Jeff Samardzija was astounding. And just because the rest of the team were a bunch of buffoons for the last week, that doesn’t mean we get to gloss over one of his best starts in a Giants uniform. Seven innings, nine strikeouts, one walk, and four hits in Coors Field. He allowed two runs. One of them came when Brandon Crawford couldn’t quite keep a ball in the infield. The other one came on a double, bunt, and sac fly. Other than those two indiscretions, Samardzija was in control all night. He was pumping first-pitch strikes with his cutter, curve, fastball, what have you.

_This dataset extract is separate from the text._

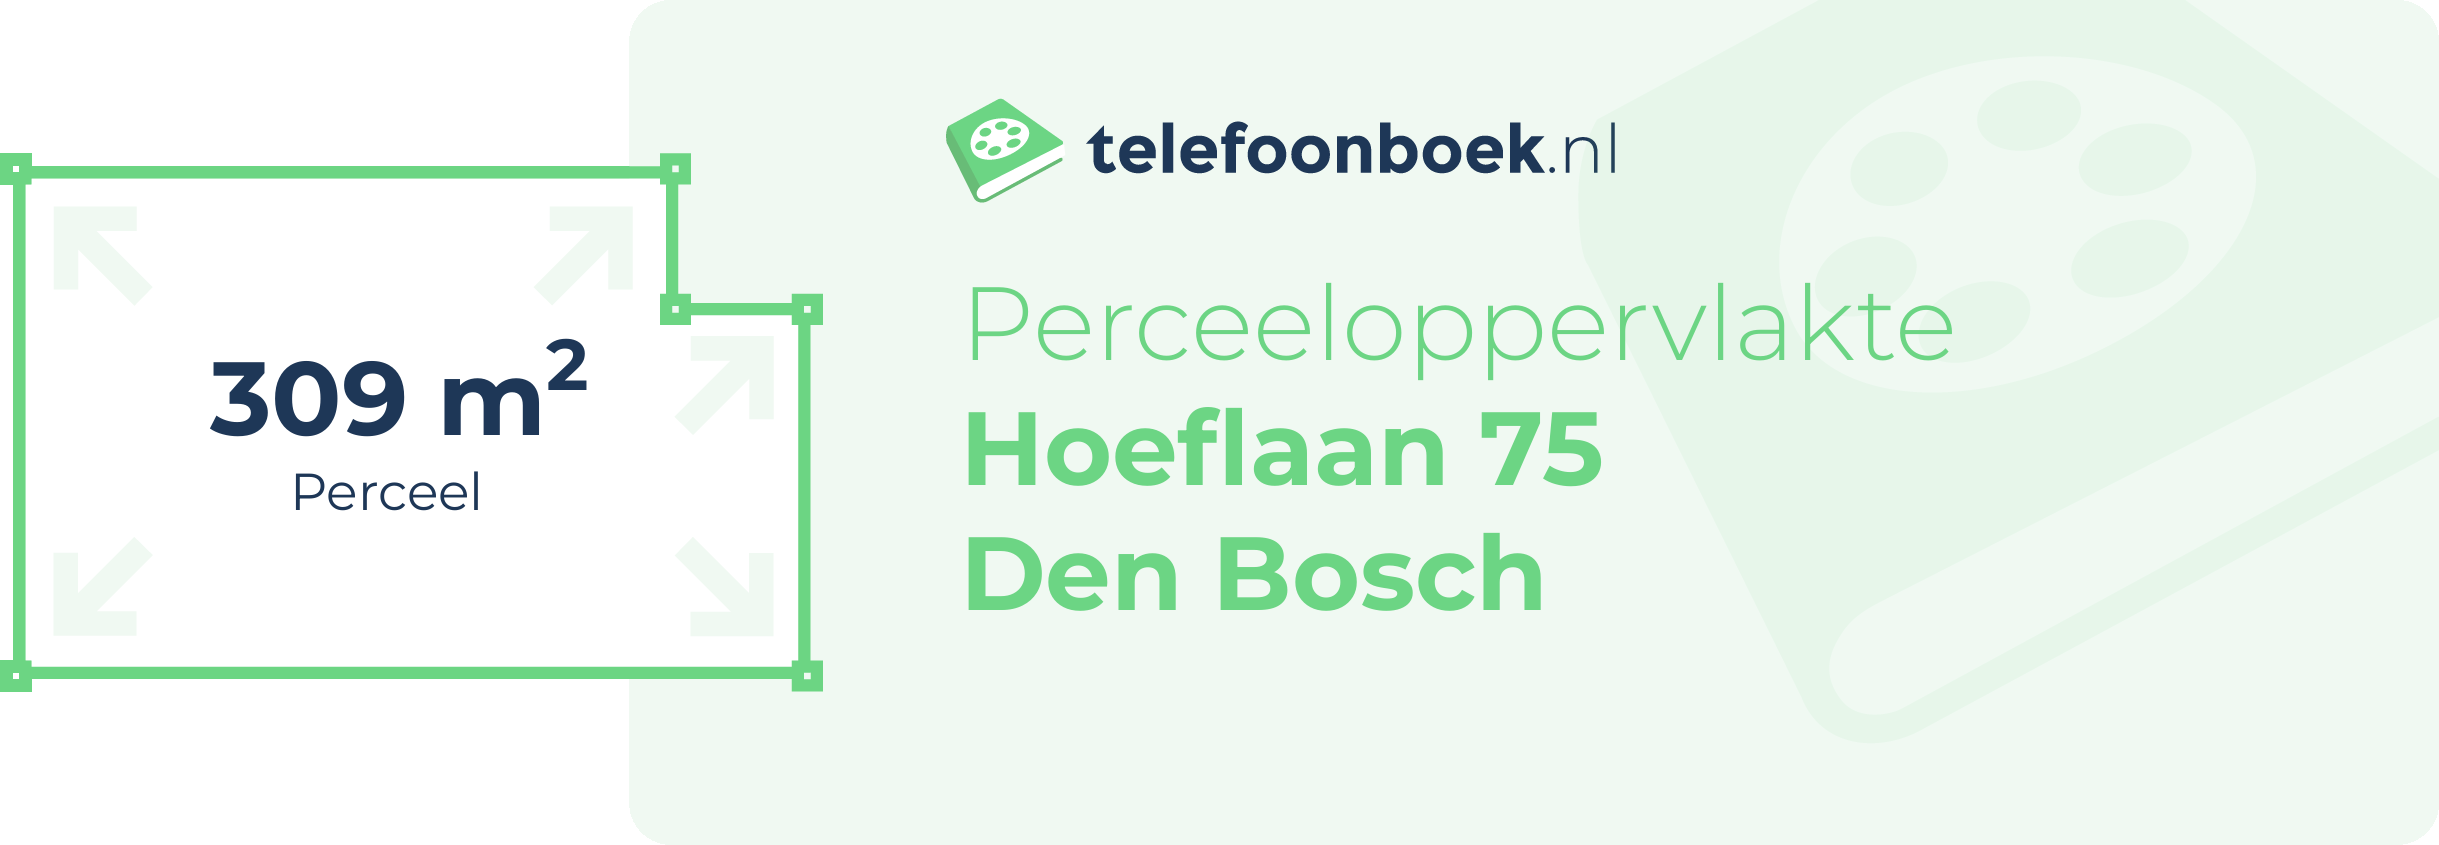 Perceeloppervlakte Hoeflaan 75 Den Bosch

That’s not a reason to have a new statue commissioned for the front of AT&T Park. But it’s not not a reason to have a new statue commissioned, either. The Giants have played 195 games in Colorado. Of those, the starting pitcher went a full seven innings in 44 of them, which is about 40 more than I remember, but okay. That’s still a rare creature — it happens just over a fifth of the time the Giants play a game in hope’s mausoleum.
Seven innings and two runs or fewer? That’s just 26 of the 195, or 13 percent of the time. Which still seems high, but it’s not like I’m paying the intern doing all this work.
Seven innings, two runs, and four hits or fewer? Just 16 out of the 195, or just over eight percent of the team’s history on the road against the Rockies. The Giants were 13-2 in in those games. You’ll never guess who pitched in those two losses.
Matt Cain
Okay, well, you got lucky with that one, but you’ll never guess my next trivia question.
Anyway, the point is that it’s not fair to watch a pitcher do that in Coors Field and think of anything but that pitcher. If Samardzija gave up four homers on balls in the dirt, we would have grunted, "UGH, TYPICAL SAMARDZIJA" and complained for at least a week.
Instead, he pitched a park-adjusted two-hit shutout. Which is exactly what the Giants needed in the middle of this slumpy bog. It’s the reason why the Giants were in position to win with a pile of nonsense.
And make no mistake, the lineup didn’t win the game. At least not as much as you’d like. Not as much as the Rockies handed it to them. When the eighth inning started, the Rockies were under the spell of Todd Helton’s stupid goatee.
You can see how they were befuddled. And they started screwing up. Gorkys Hernandez singled, and Trevor Brown grounded to Arenado, who screwed up. For the [checks] first time ever against the Giants. He made a wide throw, pulling D.J. LeMahieu off the bag. It was hit hard enough to be a double play. The Rockies got nothing.
That was followed by a bunt and an RBI groundout with the Rockies playing back because they figured they could score another run, pfffft, it’s Coors Field. They were right to think that.
In the ninth inning, Buster Posey made it to second on an error from Daniel Descalso, who was playing shortstop on purpose. He made it to third on an infield single from Hunter Pence, a ball hit too poorly to record an out on. Posey scored on an 0-2 fister from Kelby Tomlinson.
The Giants didn’t deserve a single runner. They spent the entire inning doing nothing right. They took the lead because that’s how baseball happens sometimes. Sometimes it’s miserable and unfair for the other guys, too. The Rockies, again, had four hits, so it’s not like the Giants didn’t do anything right, but this was the game that was missing from the second half. There haven’t been a lot of garbage wins.
Here’s a garbage win, and we will love it as if Travis Ishikawa just won the pennant in it. The record in one-run games improves. They have a chance to win a series. They kept pace in the wild card race, which is apparently something we’re paying attention to now.
And it all happened because a large human threw a beautiful game of baseball in unfriendly conditions, and because the Giants hit the ball just poorly enough at exactly the right time. Welcome back, garbage win. We’ve missed you.